= Highway lobby =

Collective of industry interests that advocate for an automobile-centric society

The highway lobby or car lobby, also known as the "road gang", "motordom", or the "highwaymen", is a collective of industry interests that advocate for an automobile-centric society. It is made up of corporate interests representing the automobile, oil, construction, rubber, asphalt, trucking, and limestone industries.
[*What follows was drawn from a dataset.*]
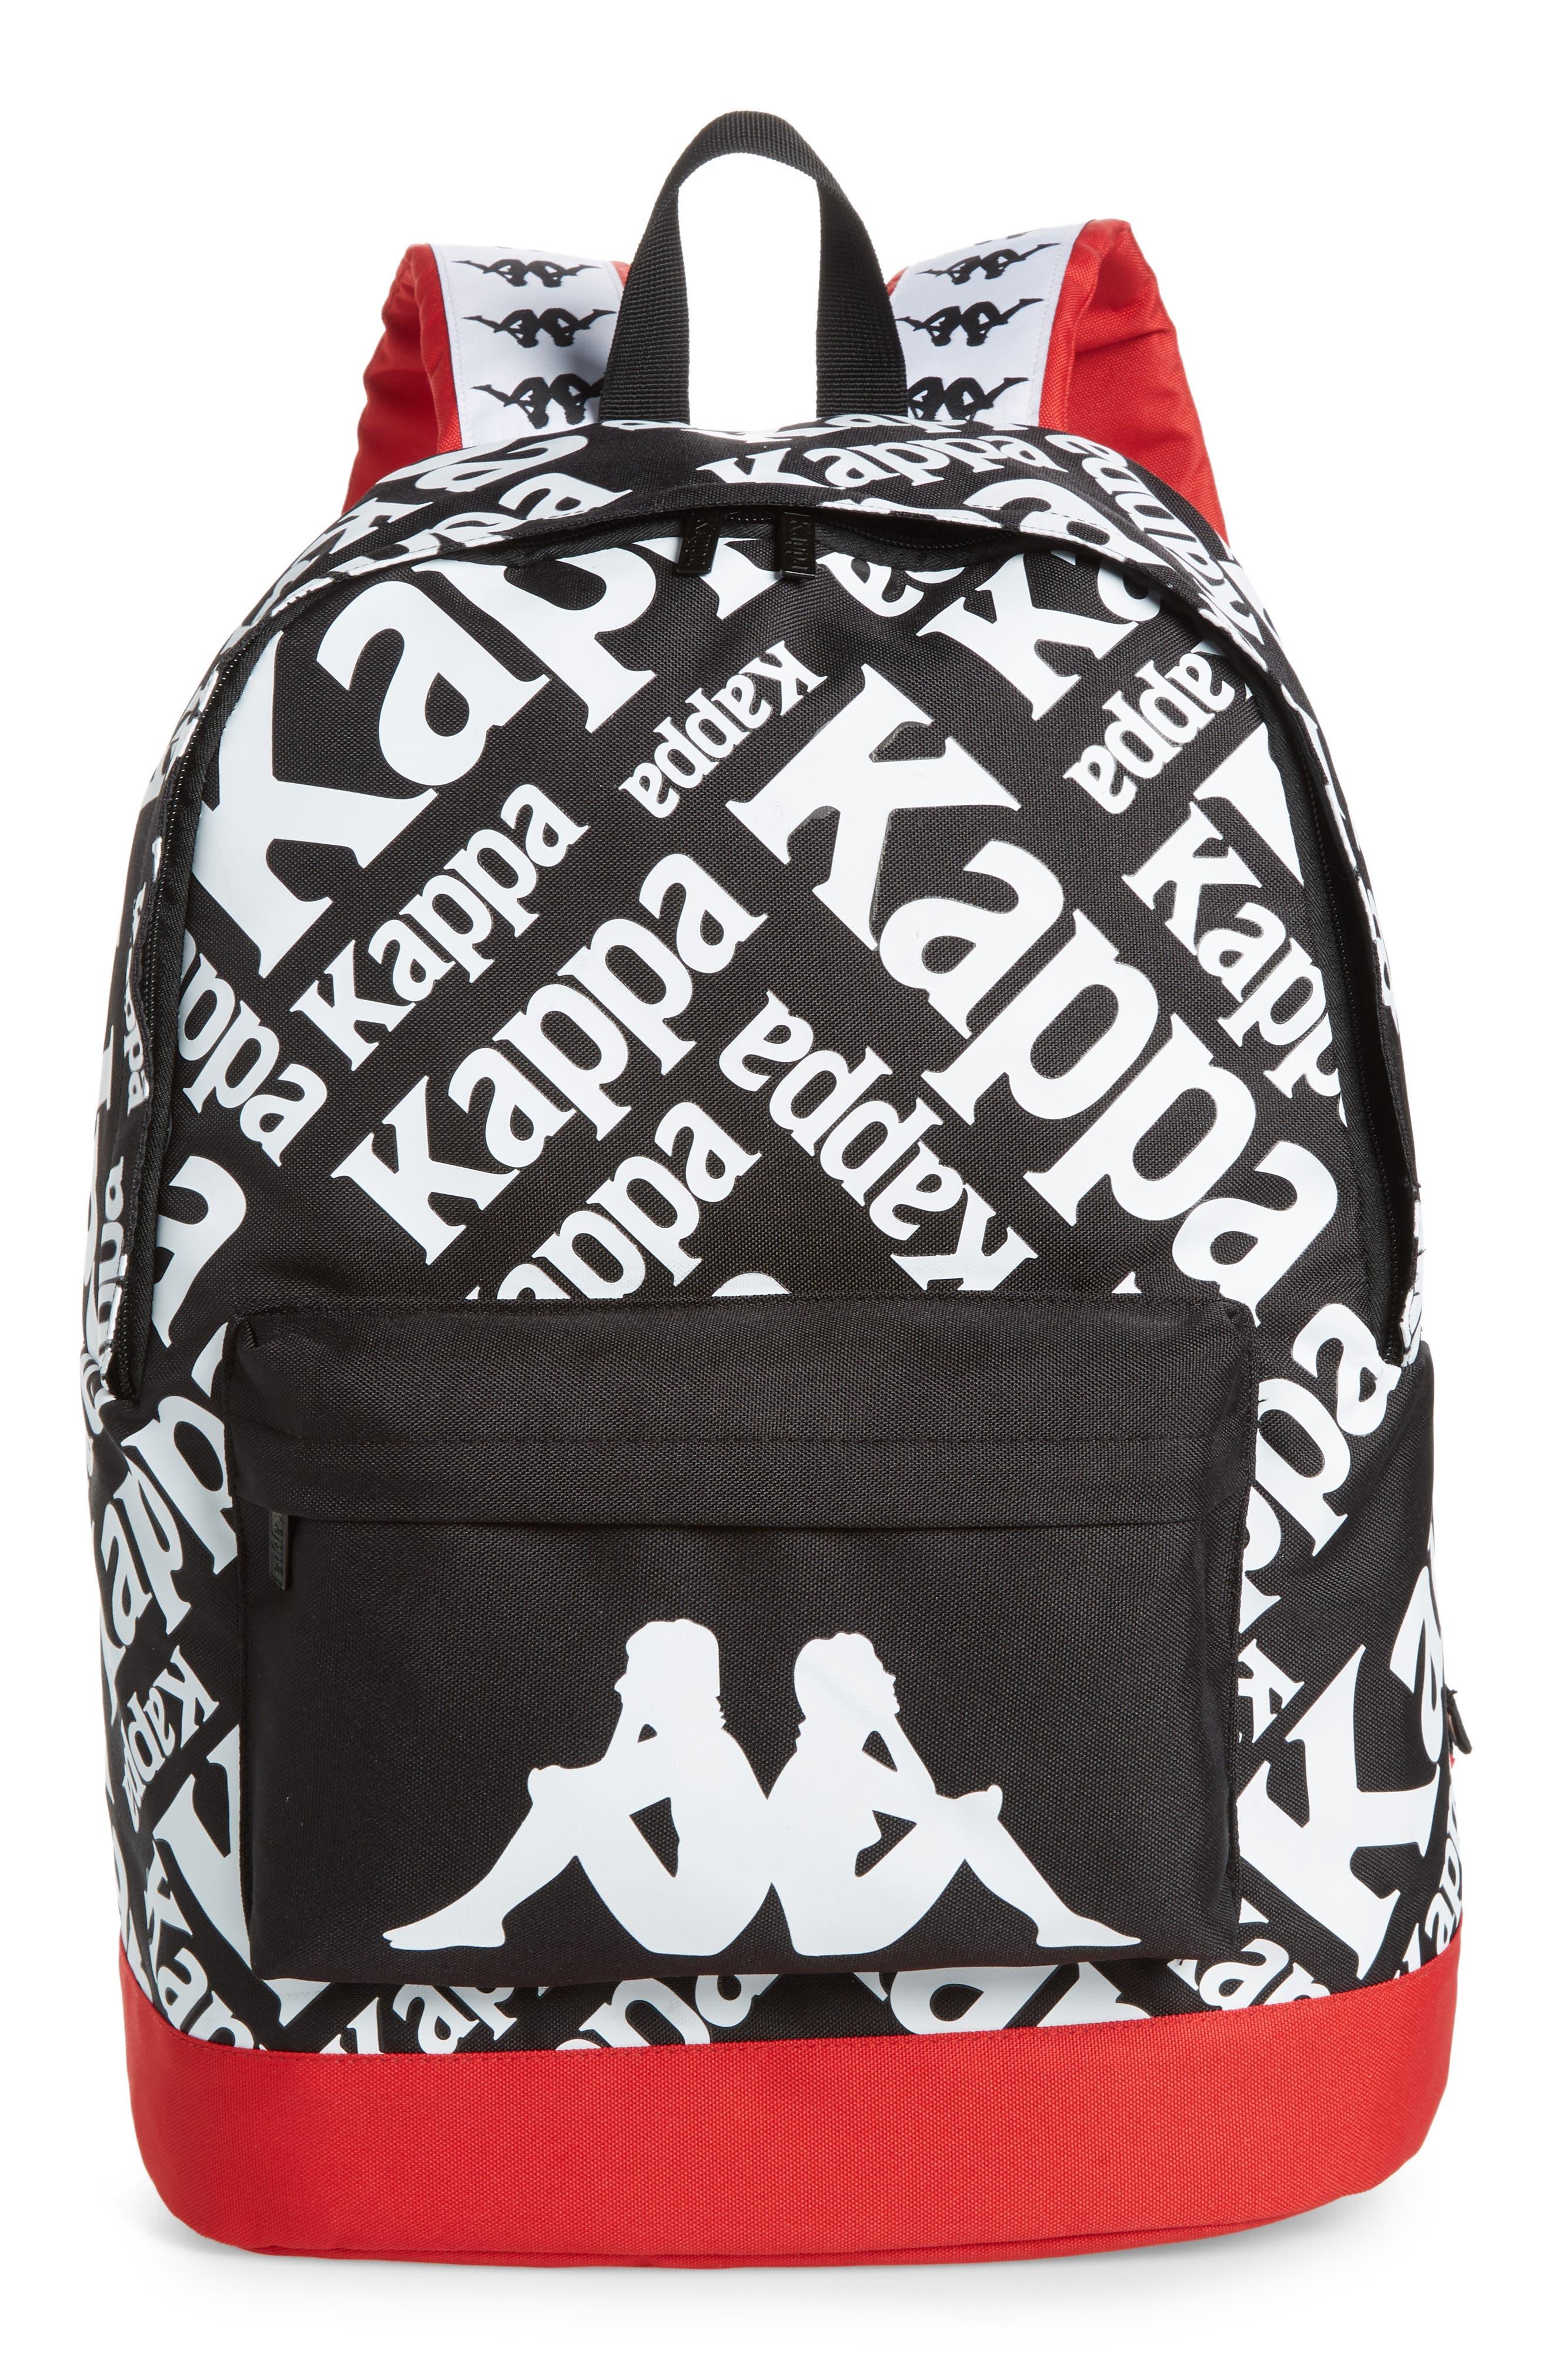 Kappa Active Backpack - Black

The term is often used as a pejorative by those who accuse this broad interest group of "Asphalt Socialism", or those who accuse the lobby of nefarious actions. The highway revolts, the Highway Action Coalition, pedestrian movements, and many other modern civil society organizations, are a response to this lobby. One example of the highway lobby is the American Highway Users Alliance that represents its interests. The highway lobby exists in many countries, for example the US, France, Italy through the group "Friends of the Automobile" or Malaysia.

== History ==
In an effort to combat climate change, in 2023, US President Joe Biden's administration proposed a law for the EPA requiring that two-thirds of all new passenger cars in the US are all-electric by 2032. The Alliance for Automotive Innovation, a Washington, DC based trade association and lobby group representing 42 car companies, such as General Motors, Ford, Volkswagen and Toyota, that in total produce about 97% of the new vehicles sold in the United States, wrote in the public comments of the proposition, claiming it was "neither reasonable nor achievable in the time frame covered in this proposal."